Benim görevli bulunduğum Hatay’da, en büyük ilaç yokunu oral kontraseptifler ve ertesi gün haplarında yaşadık. Doğum kontrolü ve cinsel yolla bulaşan enfeksiyonlar için en temel koruyucu olan lateks prezervatiflerin dahi sahada olmadığını gördük. Bölgeye ikinci gidişimde yanımda götürdüğüm oral kontraseptiflerin rafta yine yer almıyor olduğunu görmek büyük bir soruna işaret ediyordu. Bu yazı, deprem sonrası senaryolarda doğum kontrol hapı ve prezervatifin gerekliliğine ışık tutmayı ve bunların kabulünü engelleyen cinsiyet önyargılarına meydan okumayı amaçlamaktadır.
Doğum Kontrolünün Önemi
Deprem gibi kriz zamanlarında doğum kontrolüne erişimin sağlanması daha da kritik hale geliyor. Yerinden edilen nüfus, kısıtlı kaynaklar ve kesintiye uğrayan sağlık hizmetleri, istenmeyen gebeliklerin artabileceği bir ortam yaratabiliyor. Hap ve prezervatif dahil doğum kontrol yöntemleri, kaosun ortasında bile bireylerin üreme sağlıkları hakkında bilinçli kararlar vermelerini sağlamada çok önemli bir rol oynuyor. Olası felaket senaryolarında doğum kontrol yöntemlerinin faydalarına değinecek olursak:
1. İstenmeyen Gebeliklerin Önlenmesi
Bir felaketin ardından istikrarsız yaşam koşulları, sağlık hizmetlerine sınırlı erişim ve artan stres düzeyi gibi faktörler nedeniyle istenmeyen gebelik riski sıklıkla artar. Bir felaketin neden olduğu stres, rahatlık arayışına giren davranışlara neden olabilir ve bu da korunmasız cinsel ilişkilere yol açabilir.(1) Ayrıca afetler, kadınların kişisel güvenliğini ve cinsel şiddetten korunmasını azaltan sosyal bozulmalara da neden olabilir(2,3). Lateks prezervatif, oral ve enjektabl kontraseptifler gibi doğum kontrol yöntemleri bu riski azaltmak için pratik bir çözüm sunarak bireylerin ailelerini planlamalarına ve koşullarına uygun seçimler yapmalarına olanak tanır. Düzenli doğum kontrolü ve aile planlaması hizmetlerinin sağlanmasında ve kullanımında beklenen kesintiler ve cinsel şiddet olaylarının potansiyeli göz önüne alındığında, ertesi gün hapları ve saha acil kontrasepsiyon müdahale ekipleri erişilebilir durumda olmalıdır.

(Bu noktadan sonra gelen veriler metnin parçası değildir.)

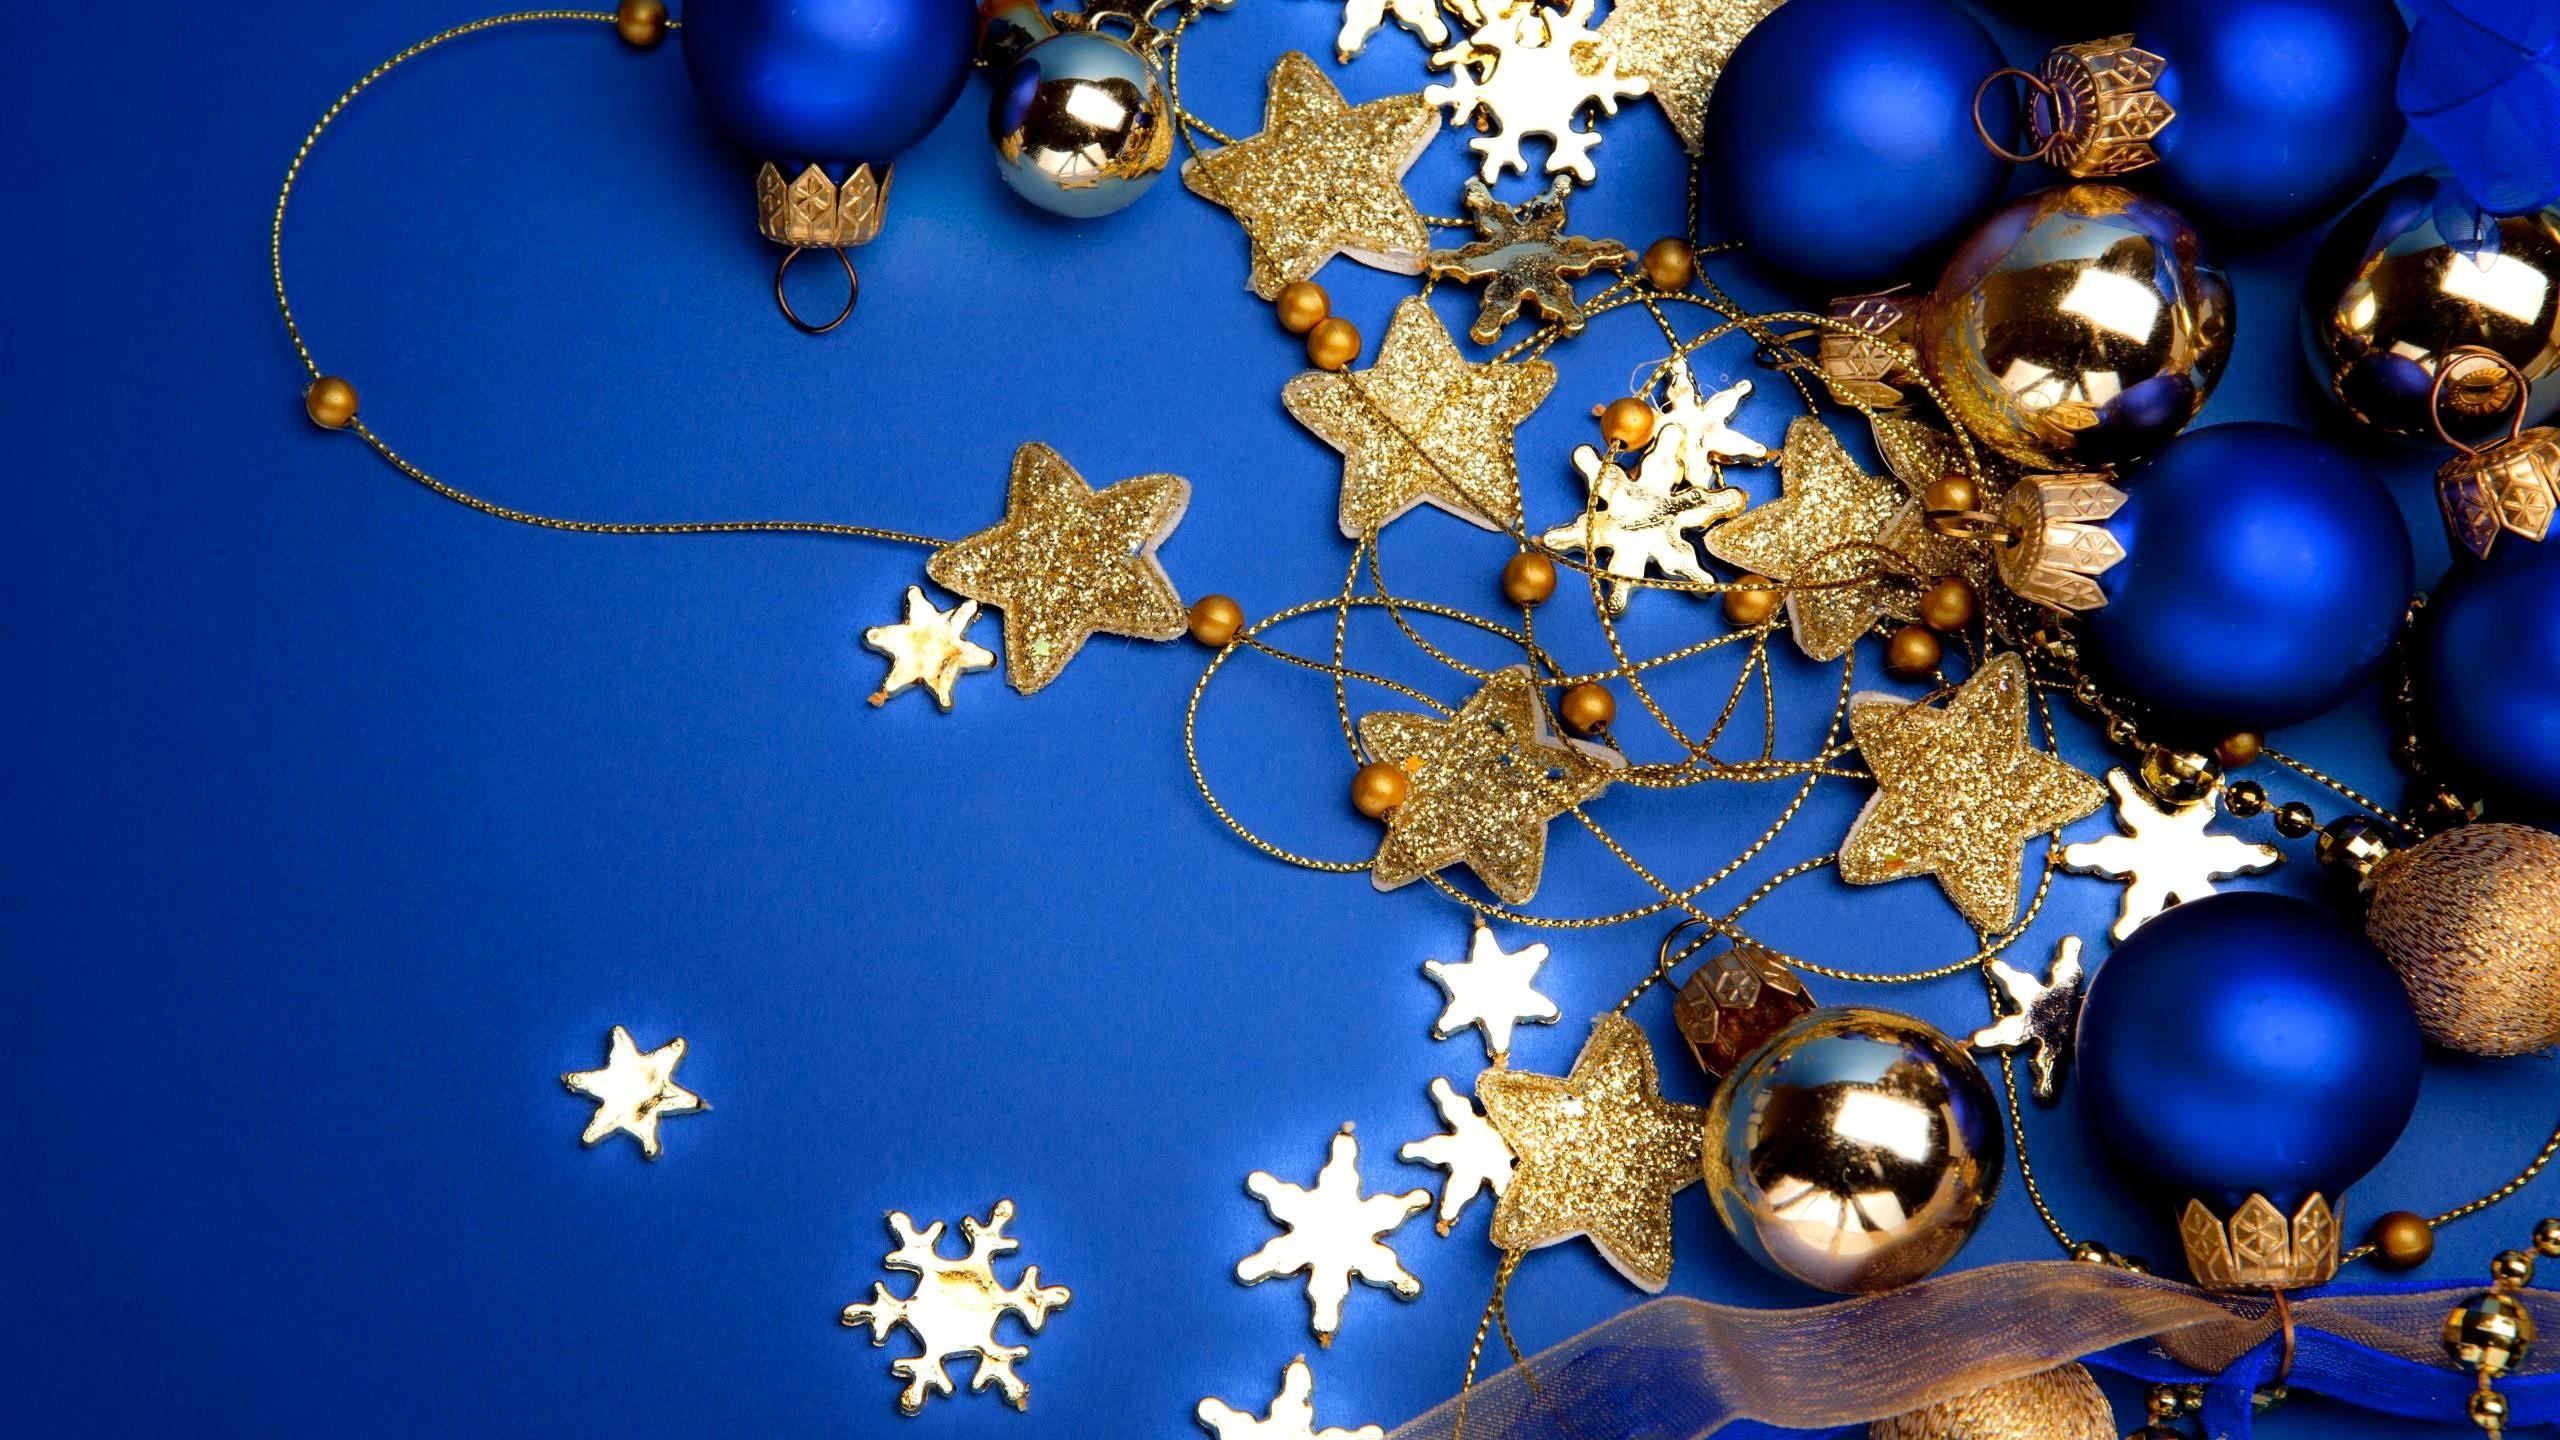 Blue Christmas Wallpaper.

2. Kadın ve Erkek Sağlığının Korunması
Doğum kontrolüne yetersiz erişim sadece aile planlamasını etkilemekle kalmaz, aynı zamanda kadın sağlığını da riske atar. Deprem sonrası ortamlardaki plansız gebelikler, doğum sırasında komplikasyonlara yol açabilir. İstenmeyen hamilelik riskine ek olarak, afet ortamlarındaki kadınlar ve erkekler, HIV ve HPV de dahil olmak üzere cinsel yolla bulaşan enfeksiyonlar açısından daha yüksek risk altında olabilir.(4) Afet müdahalesi sırasında lateks prezervatiflerin bulunabilirliği ve dağıtımı hem erkekler hem de kadınlar arasında teşvik edilmelidir. Tutarlı ve doğru kullanıldığında hem cinsel yolla bulaşan enfeksiyonlara, hem de istenmeyen hamileliğe karşı ikili koruma sağlarlar.
Doğum kontrolüne erişimin sağlanması, bu hassas durumlarda bireylerin sağlığını ve refahını korumaya yönelik temel bir adımdır.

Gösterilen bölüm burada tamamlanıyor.